Most things can be described as voluntary to some extent. No one forces you to open a Twitter or Facebook account, but there's an awful lot of professional and social pressure to do so. Meanwhile, you can choose where you live, although sometimes it's rather hard to call it a completely free choice. In the US, we broadly have the expectation that any organization that wields governmental power will refrain from most forms of censorship, but they are often allowed to place restrictions on time and place. For instance, your town is required to permit a public KKK rally, but they aren't required to allow it at a publicly-sanctioned farmers' market or a public library.
The FCC's authority to ban certain words and images is similar, based upon the premise that it's reasonable to set up a space that is safe from certain types of content for people who are sensitive to it, as long as they don't completely block those messages. I don't entirely agree with how they do this in practice, because they haven't been required to also make a space for people who don't want that protection in the public airwaves, and also because I don't think banning words that you will encounter spray-painted on the sides of buildings is really very effective, but I think that the approach is broadly reasonable, ignoring some of the particulars.

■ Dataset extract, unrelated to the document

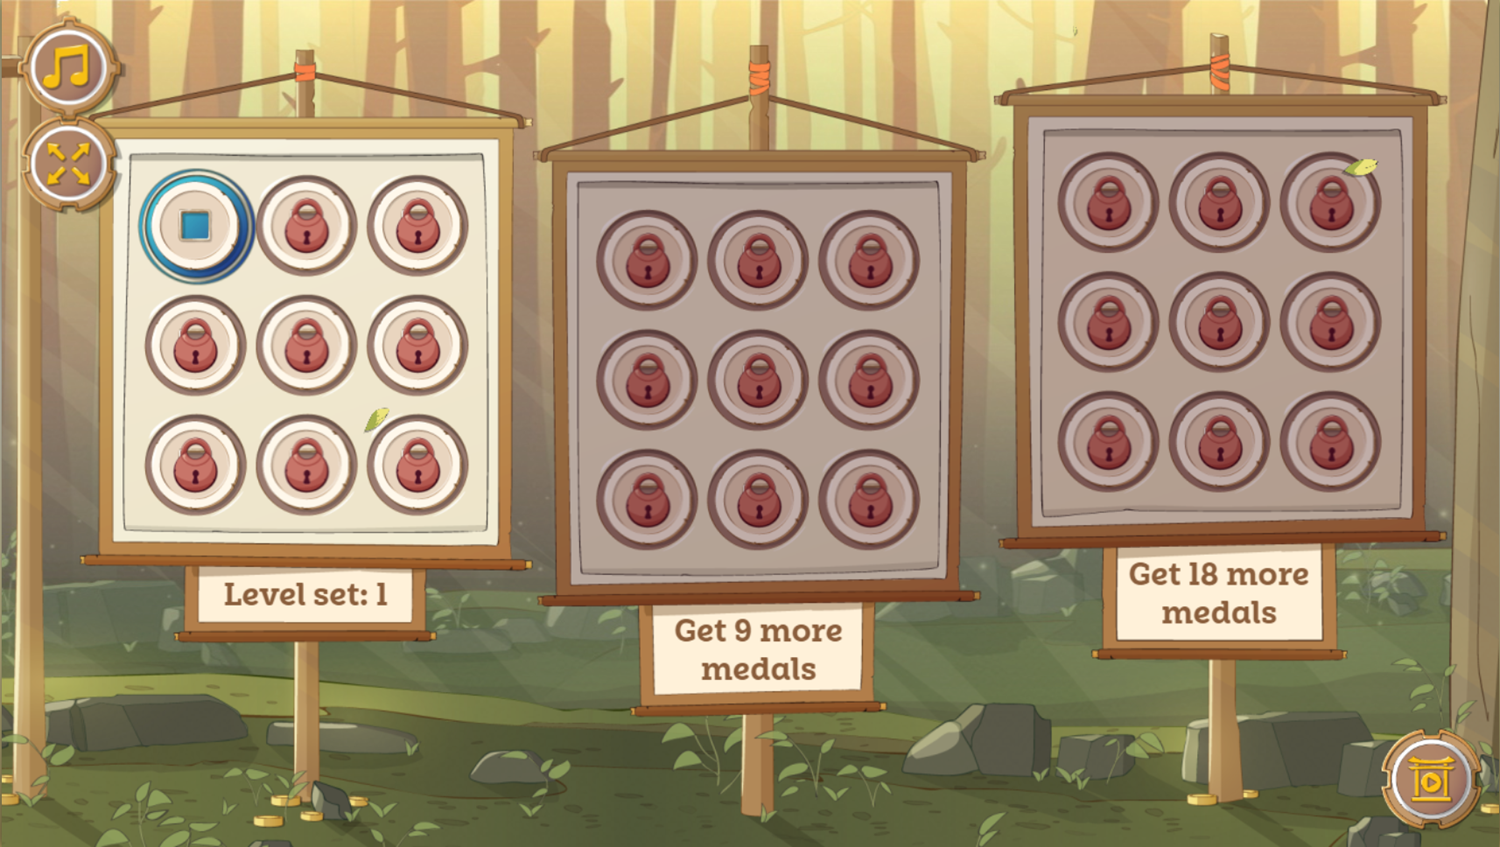 Mahjong Quest Game Level Select Screenshot.

Correct. I joke occasionally that Twitter (I mean: seriously) and Facebook are where ideas go to die.:chuckle:
The things that really worries me is the subtle way Facebook et al control discussion. What they present as your news-feed, while it may be informed by choices that you make about what to follow, ultimately, they choose what you'll see using an algorithm that is secret, and you are likely mostly unaware of. I don't think most people are able to give informed consent to that level of subtle influence. By tweaking the algorithm one way or another, entire issues get vanished or greatly amplified for millions of people around the world, and none of them fully realize it. It's almost like giving someone control over not only what you read, but what writing you become aware of.
This isn't entirely new. The large media companies have done the same thing to generations of people. But the scale, and the consolidation is fairly new, and it seems to me like it's enabling people to live in curated bubbles their whole lives.
I've spent some time trying to design an alternative, something distributed, perhaps using a set of blockchains like BitCoin, where the software that makes the important decisions is open source and transparent and feeds are discovered via your network of peers without being influenced by a central administrator. I haven't figured out entirely how it would work, but I'd love to have enough time to do it eventually.